> DATA SECTION:
------------------------------------------------------------
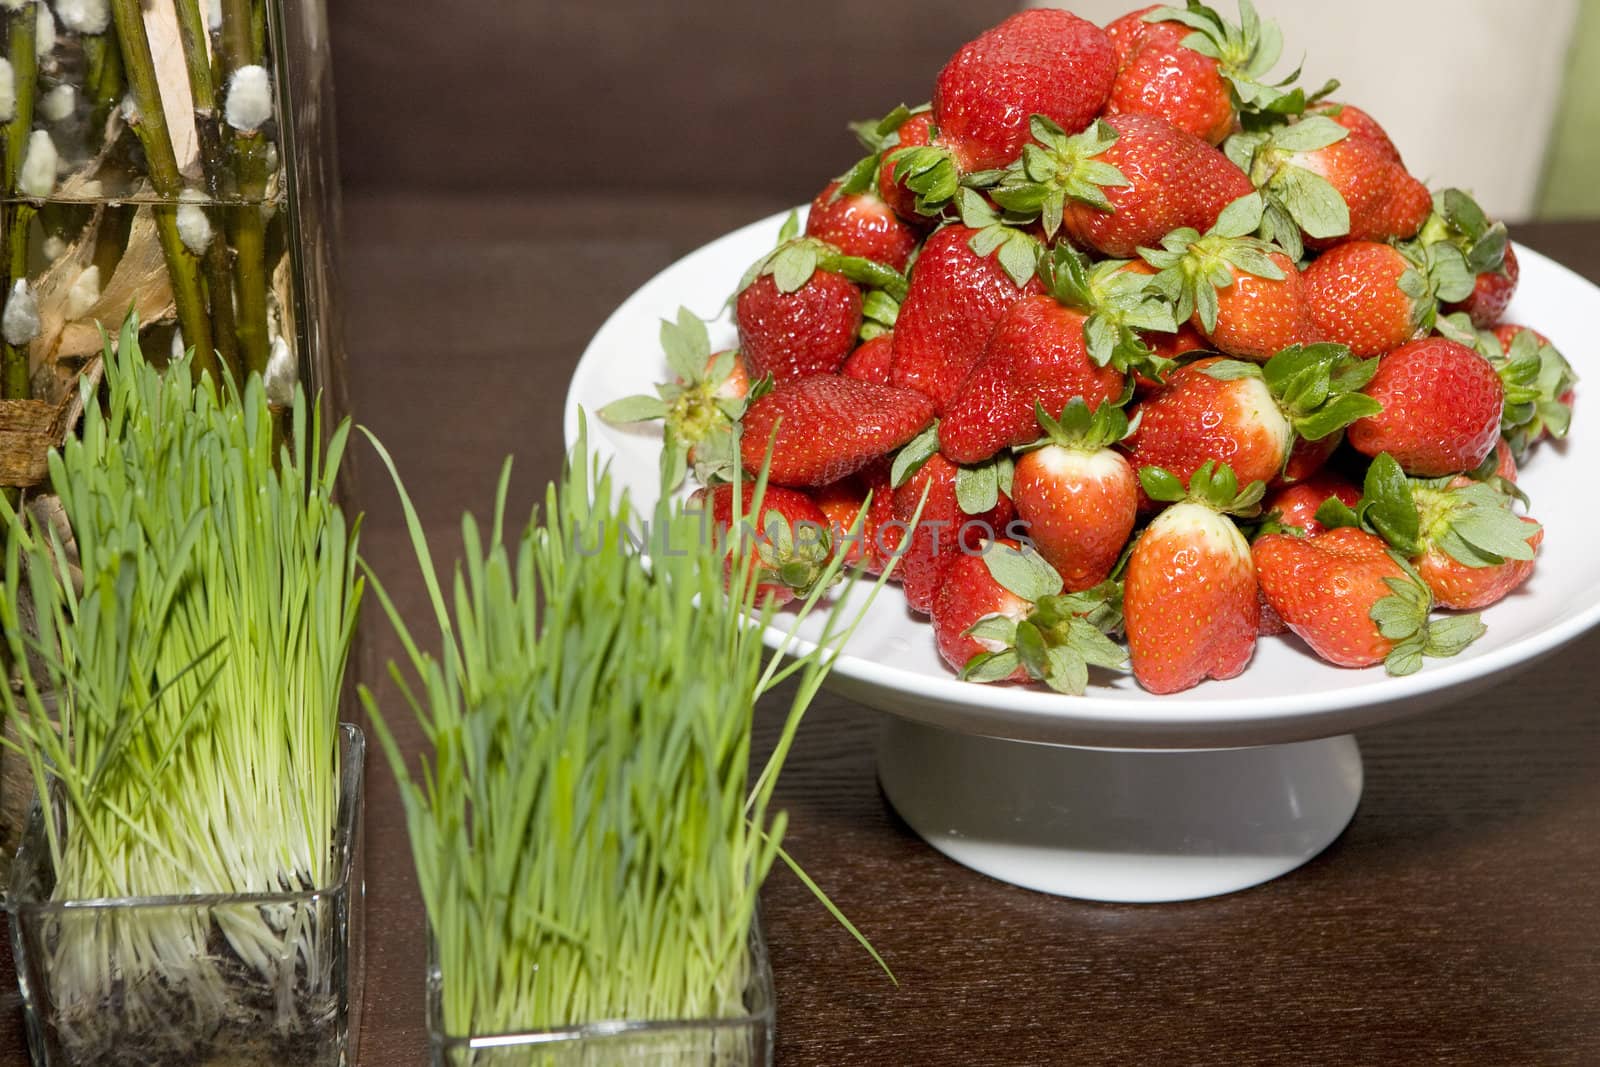 strawberries  in vase on table 
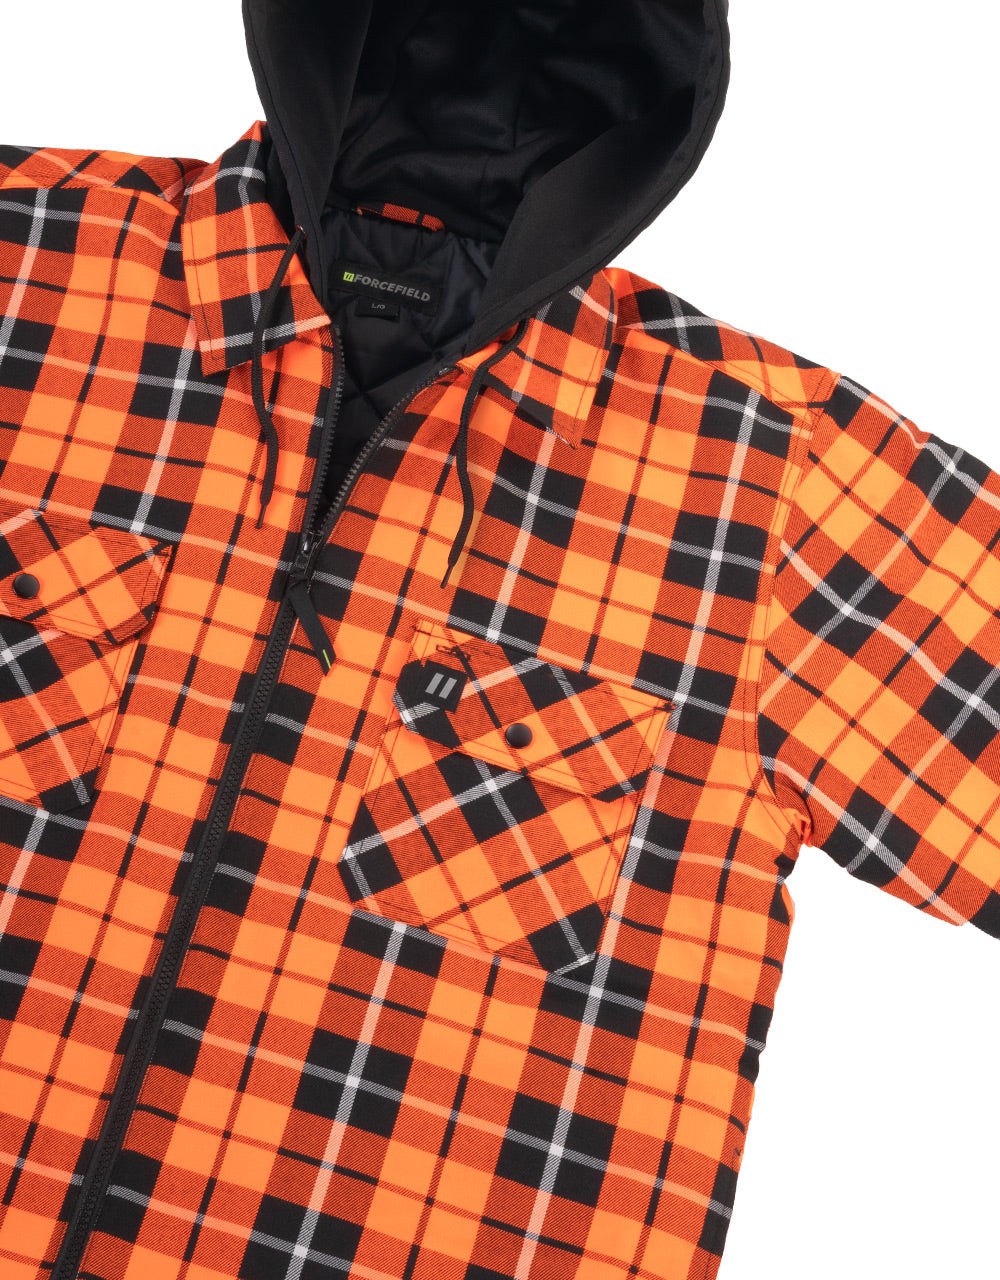 Veste-chemise en flanelle à capuche et à carreaux tartan orange haute visibilité, doublée de couette et zippée sur le devant 
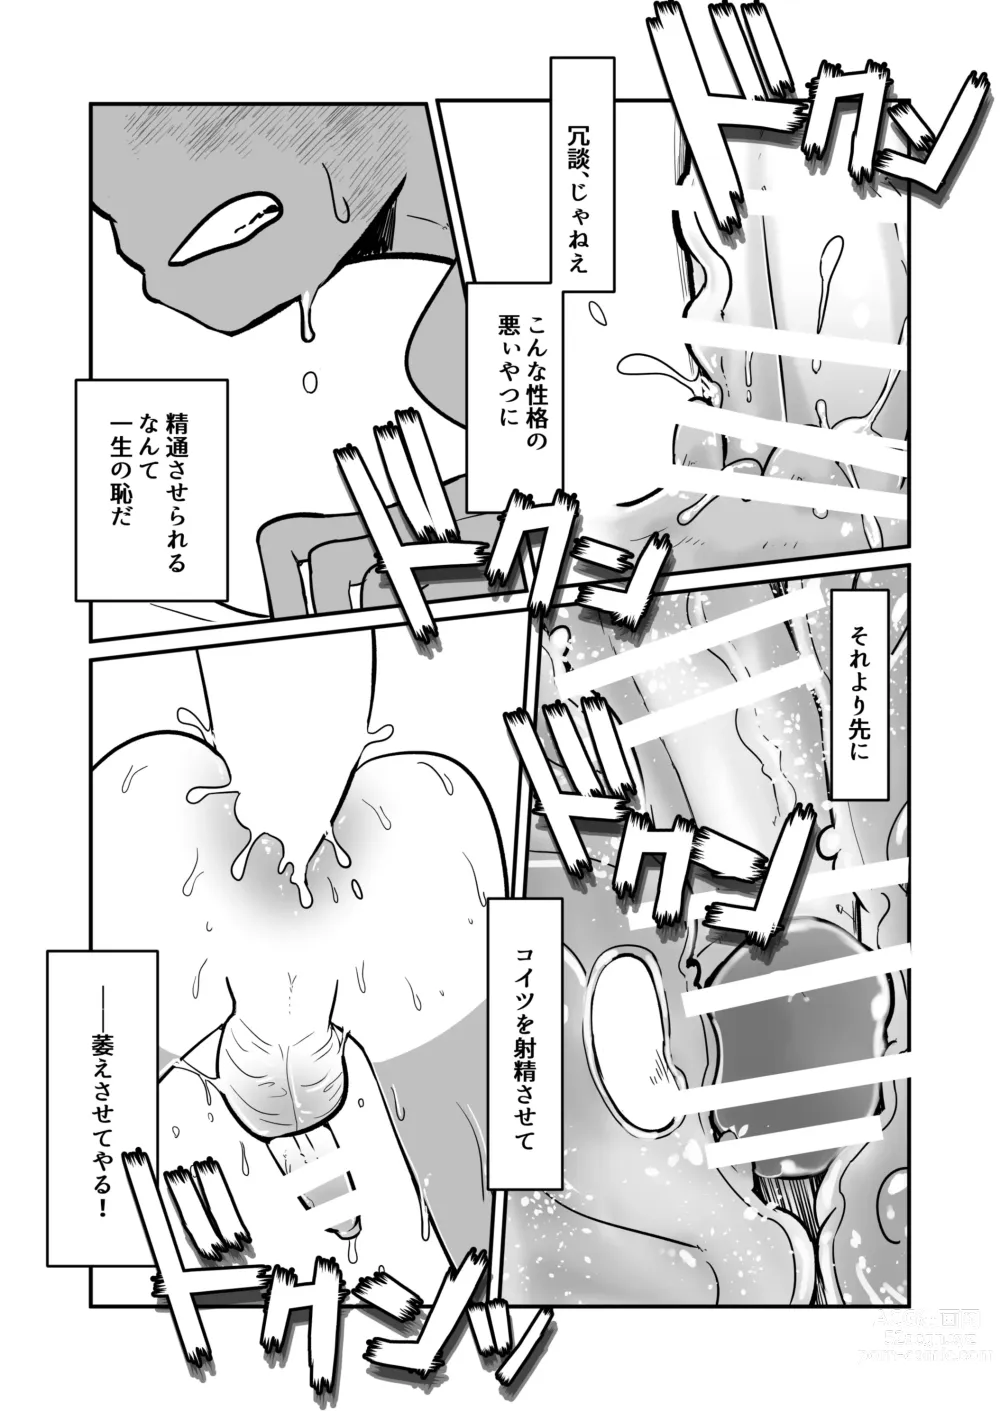 Page 69 of doujinshi Seiyoku no Hanashi.
------------------------------------------------------------
> PROBLEM STATEMENT:
Output precisely the lines in the material above from the line containing "Veste-chemise en flanelle" through its last line, and omit pictures.

> ANSWER TO THE EXERCISE:
 Veste-chemise en flanelle à capuche et à carreaux tartan orange haute visibilité, doublée de couette et zippée sur le devant 
 Page 69 of doujinshi Seiyoku no Hanashi.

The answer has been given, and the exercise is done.